Analyzing & Synthesizing Sources: Analysis: Definition and Examples
Last updated 11/8/2016
Video Length: 2:50
Visual: The screen shows the Walden University Writing Center logo along with a pencil and notebook. “Walden University Writing Center.” “Your writing, grammar, and APA experts” appears in center of screen. The background changes to the title of the video with open books in the background.
Audio: Guitar music plays.
Visual: Slide changes to the title “Analysis” and the following: Interpreting, commenting on, explaining, discussion of, or making connections between ideas for the reader.
Audio: Analysis is really, you're interpreting, you're commenting on, you're explaining, your discussion of, or making connections between ideas for your reader. So, it's really what I like to say, answering the "so what?" question. In our writing, we include evidence from sources, either paraphrasing or quoting. We use that evidence, and then we need to explain to our reader, so what? Why does that evidence matter? What does it mean? Why am I including it in my writing?
Visual: Slide changes to the title “Examples of Analysis” and the following example:
Townsend (2015) found that the majority of online students are also nontraditional students. Online universities must adjust their approach to teaching students with this idea in mind.
Audio: So let’s look at some examples here. So we have “Townsend (2015)…”. The next sentence is our sentence of analysis, the one in bold. It's taking that evidence and saying, this is what we need to do with it--this is what matters, this is what this evidence means. It's really the place where the author is adding their own perspective to this information, right? So it's adding to it, it's kind of commenting on this evidence. It's inserting a little bit of the writer's own voice.
Visual: The following example is added to the slide:
Smith (2016) discovered a connection between birth order and personality traits. However, Smith’s (2010) results are less likely to be generalizable due to the use of a small, homogenous population of 11 siblings.
Audio: So the next example we have here "Smith's (2010) results are less likely to be generalizable." So what the author is saying here is that although Smith (2016) found a connection, we really can't generalize those results because there's too small of a population.

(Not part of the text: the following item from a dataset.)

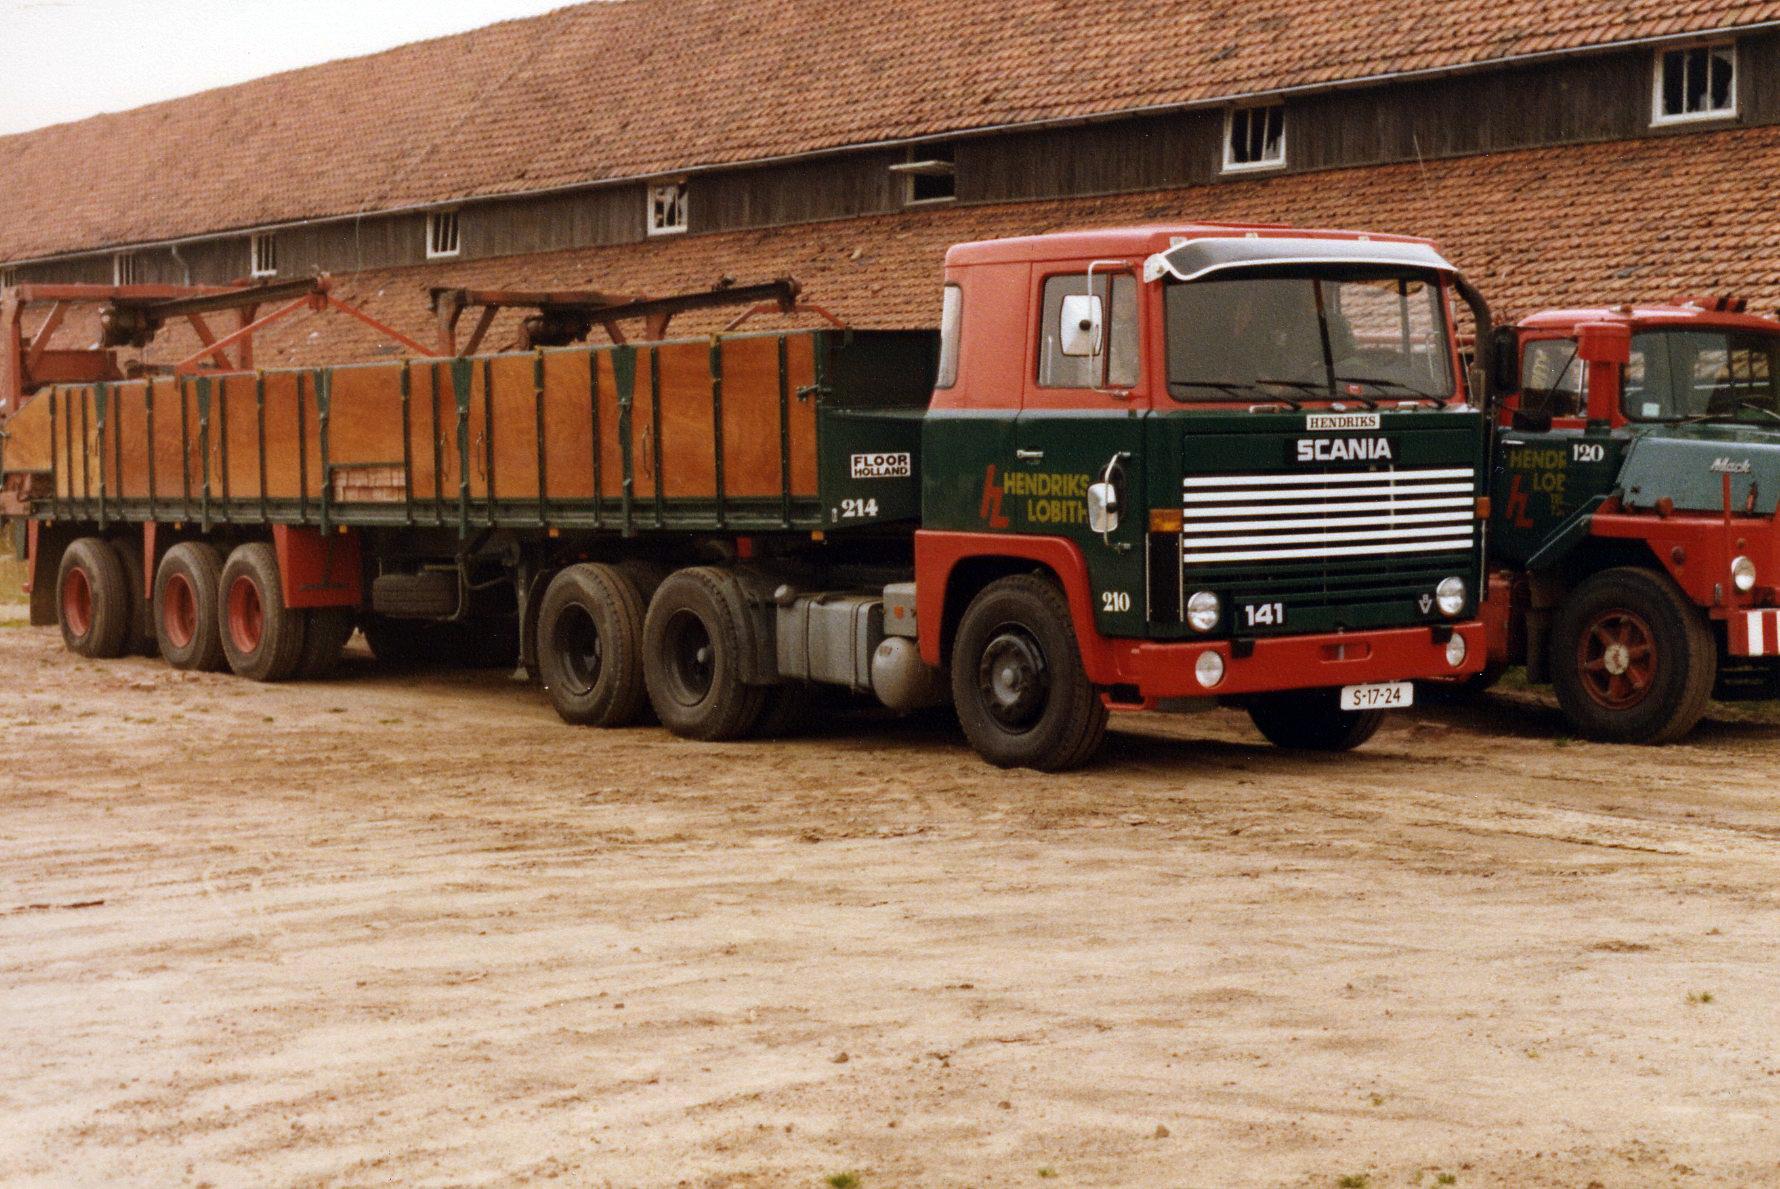 Hendriks-Lobith-Scania-LB141-S1724

So we're taking that information that Smith (2016) presented, and we're commenting on it, and saying, well, actually, you know, although this is what they found, this is what the author found, we can't generalize it, right? So we're adding to this information, commenting on this evidence, explaining what it means or how we can use it, right? That's another way to think about this--analysis is explaining how we can use this information or how I, as the author, might be using this information in my discussion.
Visual: The following example is added to the slide:
New nurses experience less burnout with a strong mentoring program (Dusek, 2014). I have seen this research hold true in my hospital where our mentoring program helps new hires avoid burnout.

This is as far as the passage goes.